→ TASK PROMPT
Write out the listing below character for character, though without its pictures.

→ SUPPLIED INFORMATION
------------------------------------
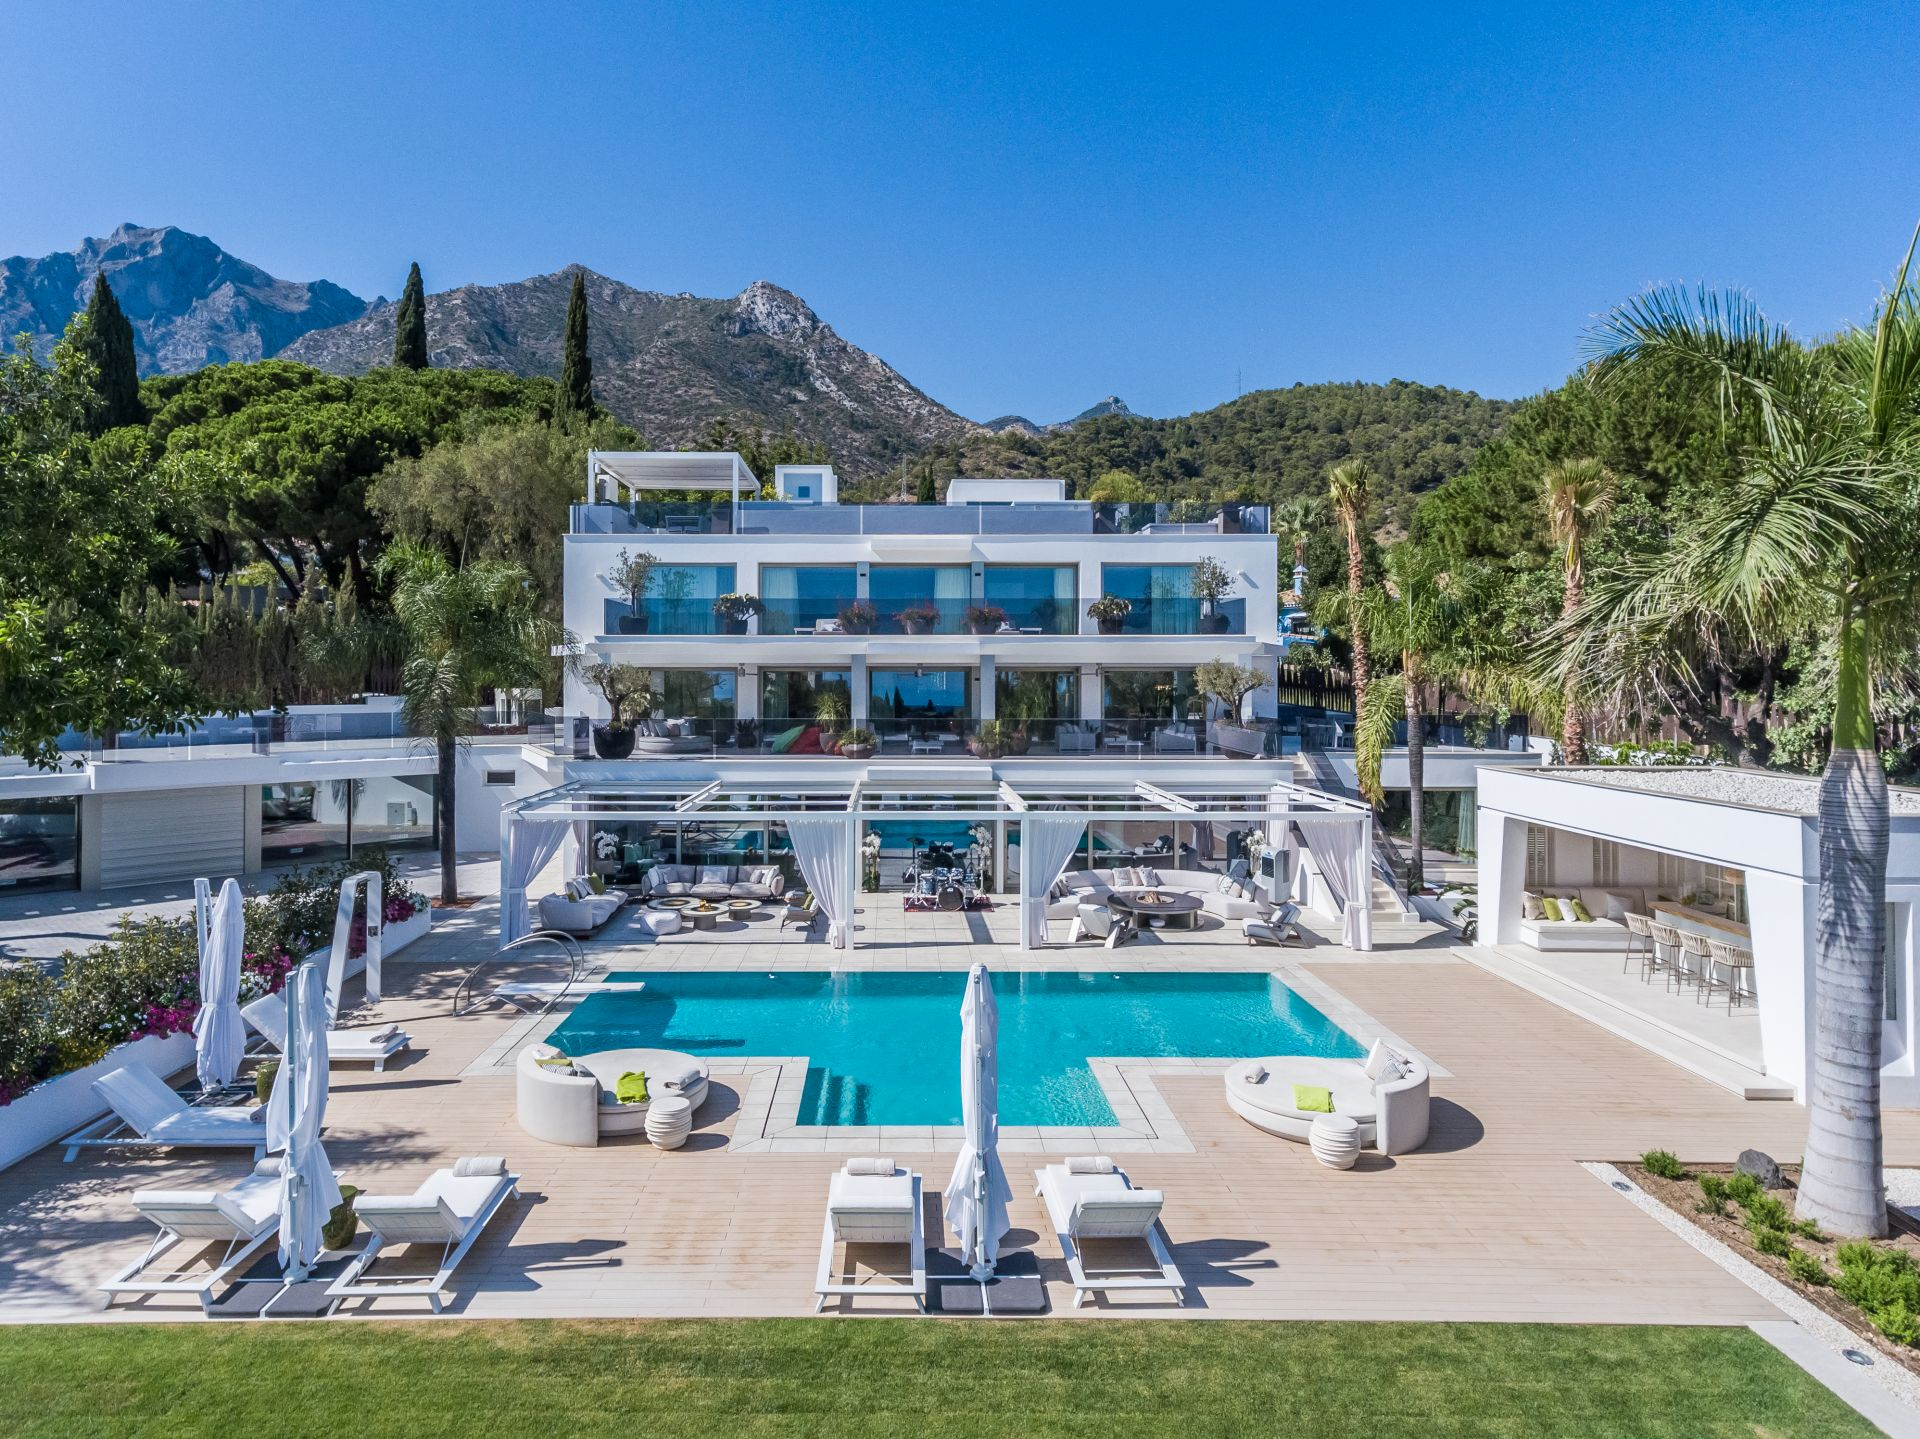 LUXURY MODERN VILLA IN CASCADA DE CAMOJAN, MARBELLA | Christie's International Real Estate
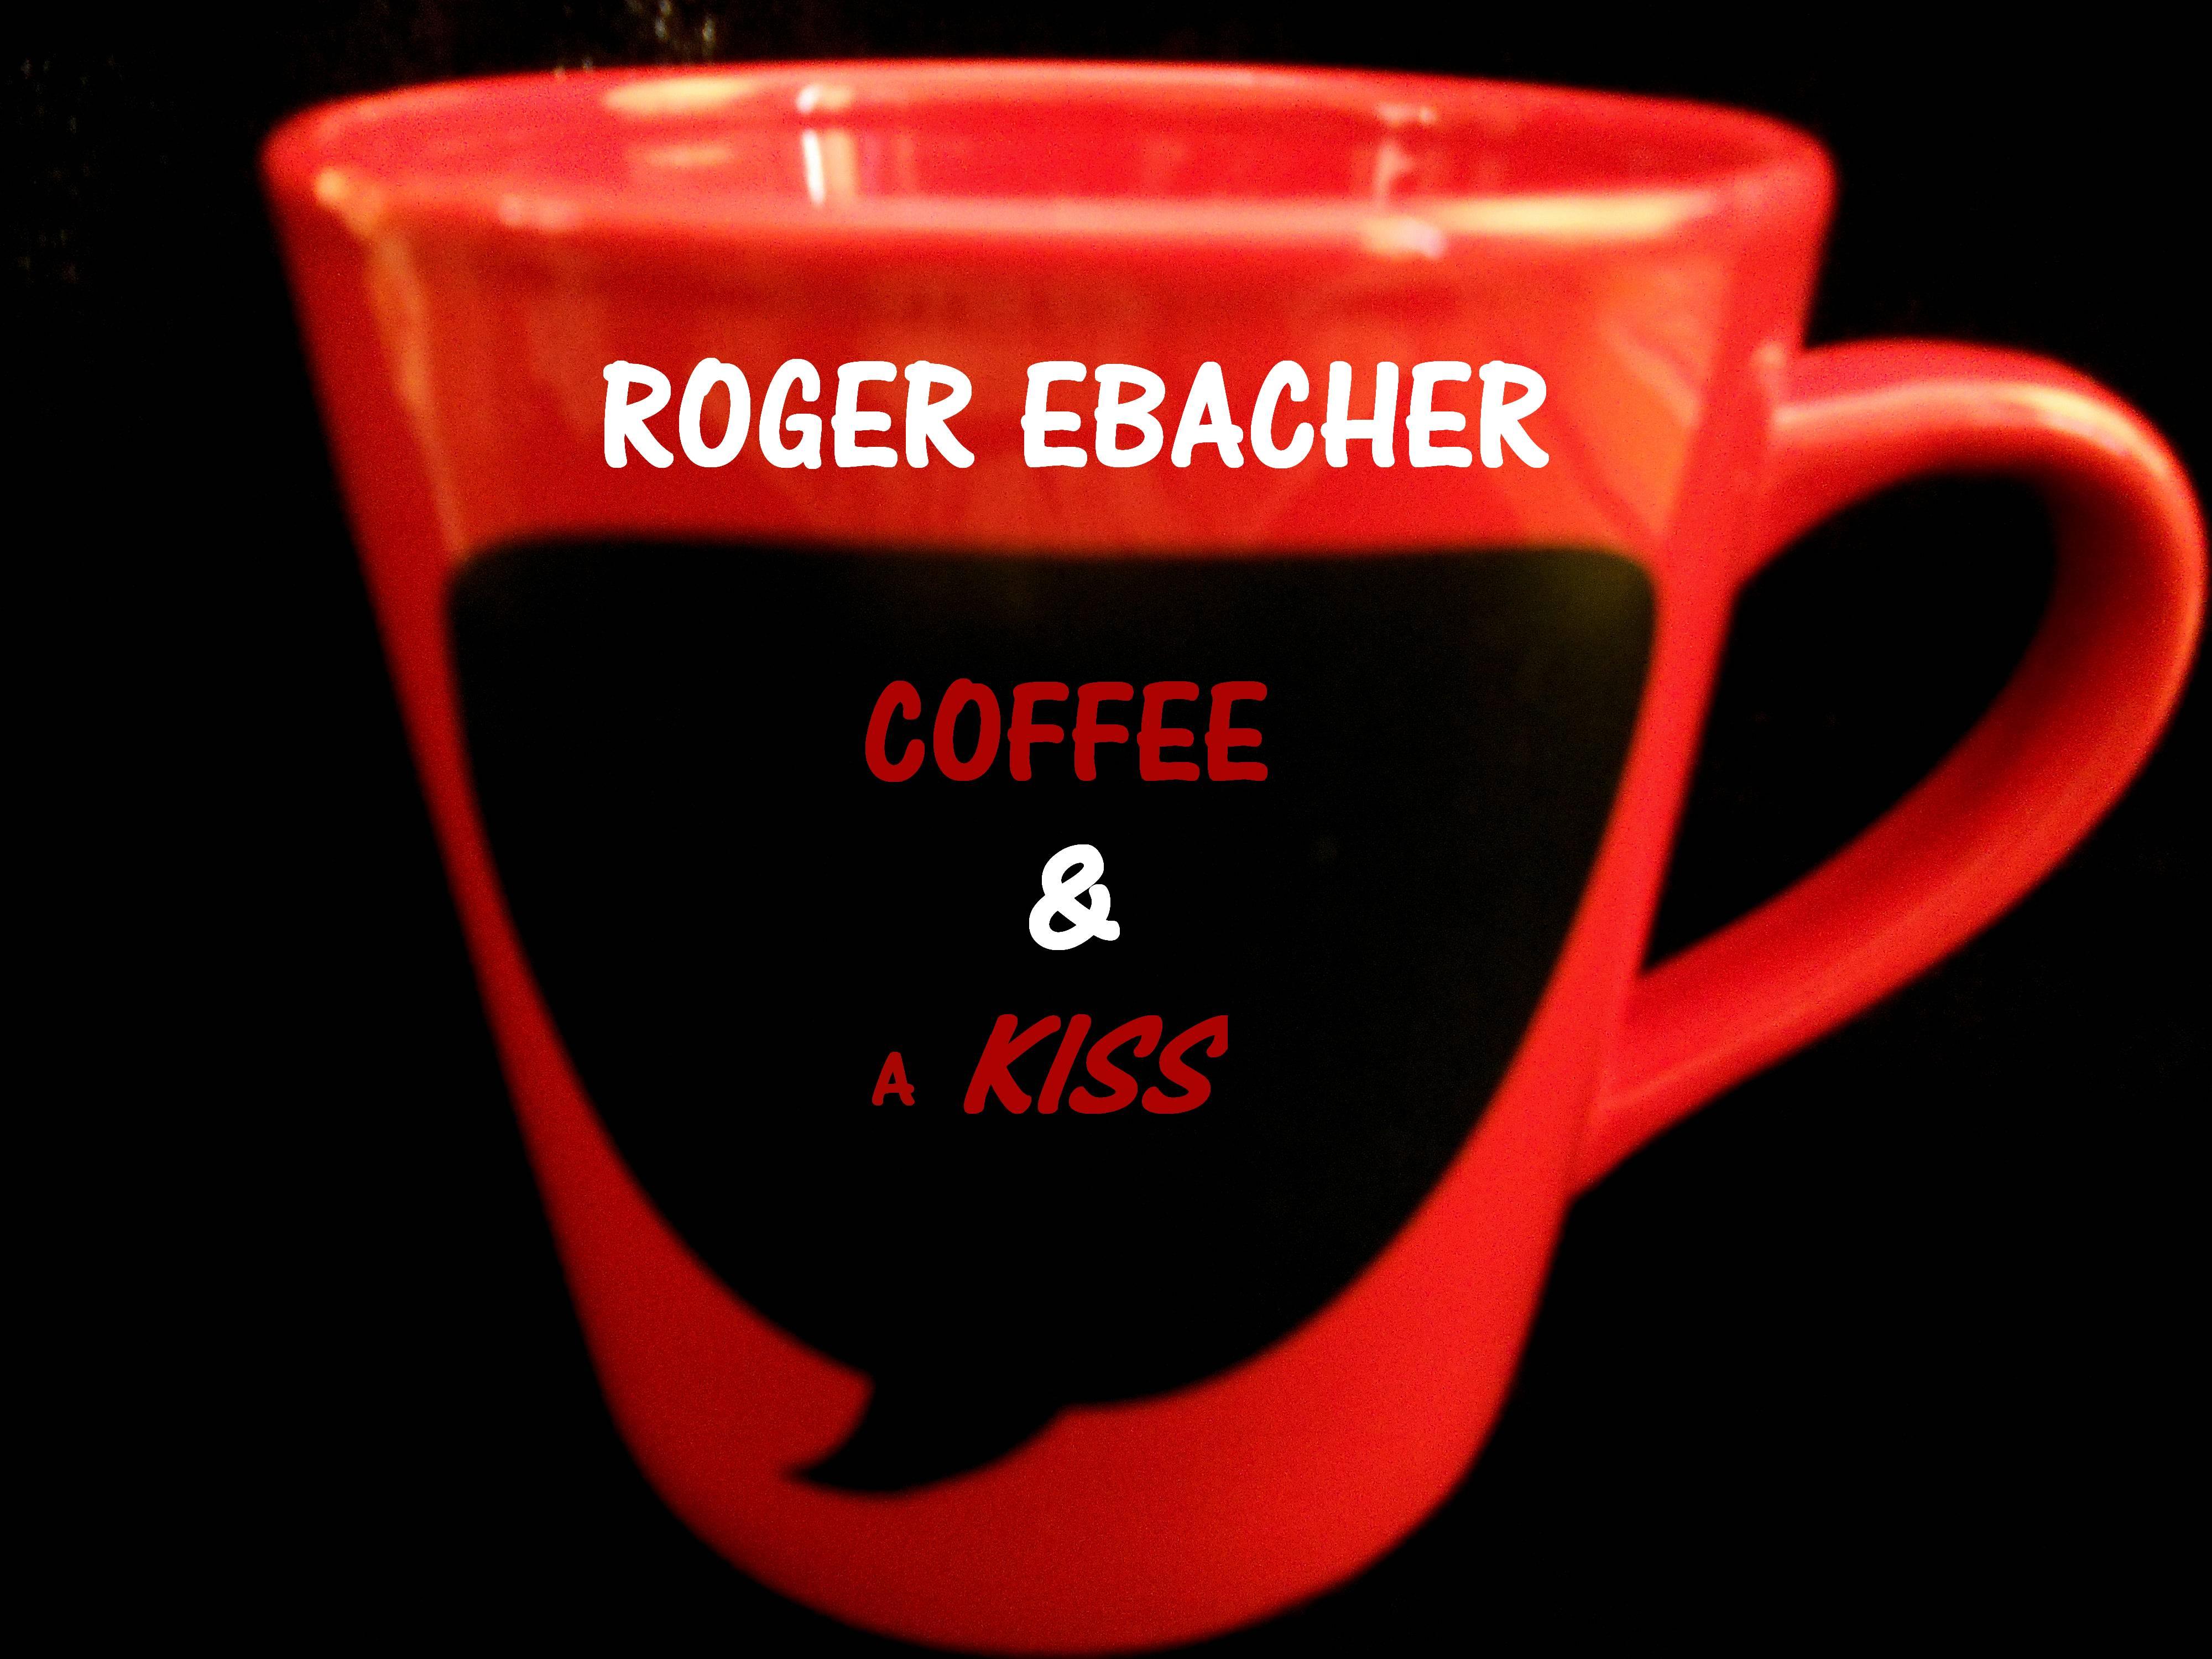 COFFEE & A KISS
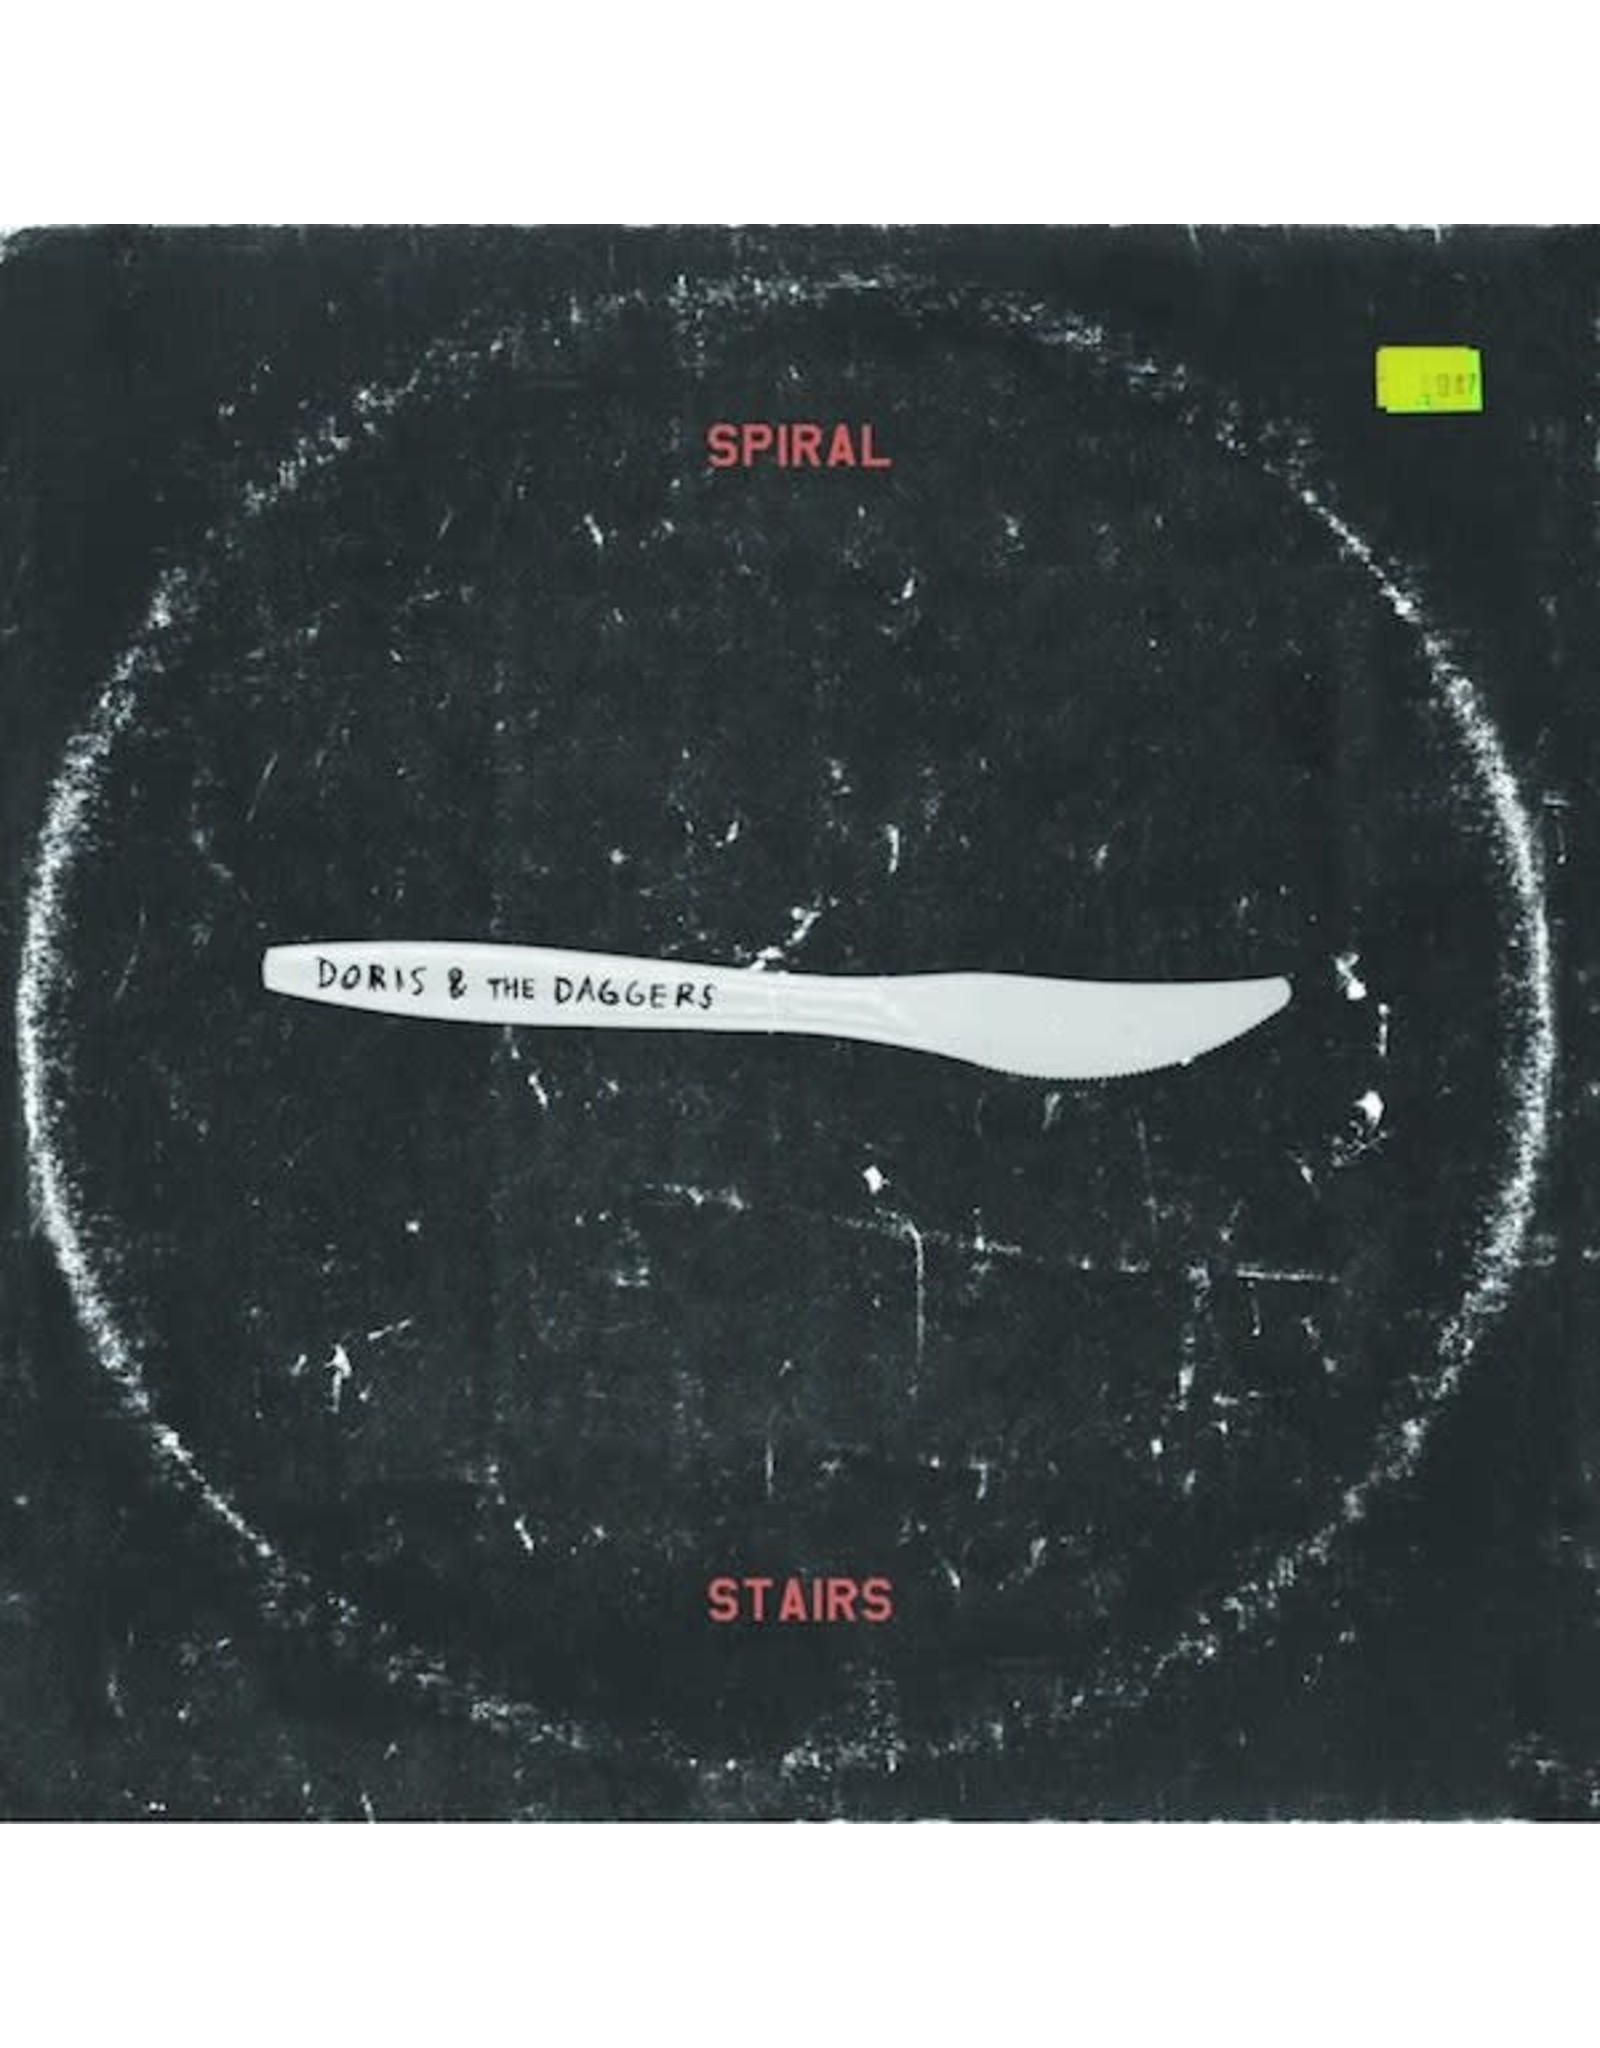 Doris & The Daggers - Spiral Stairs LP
------------------------------------
→ ANSWER BELOW
 LUXURY MODERN VILLA IN CASCADA DE CAMOJAN, MARBELLA | Christie's International Real Estate
 COFFEE & A KISS
 Doris & The Daggers - Spiral Stairs LP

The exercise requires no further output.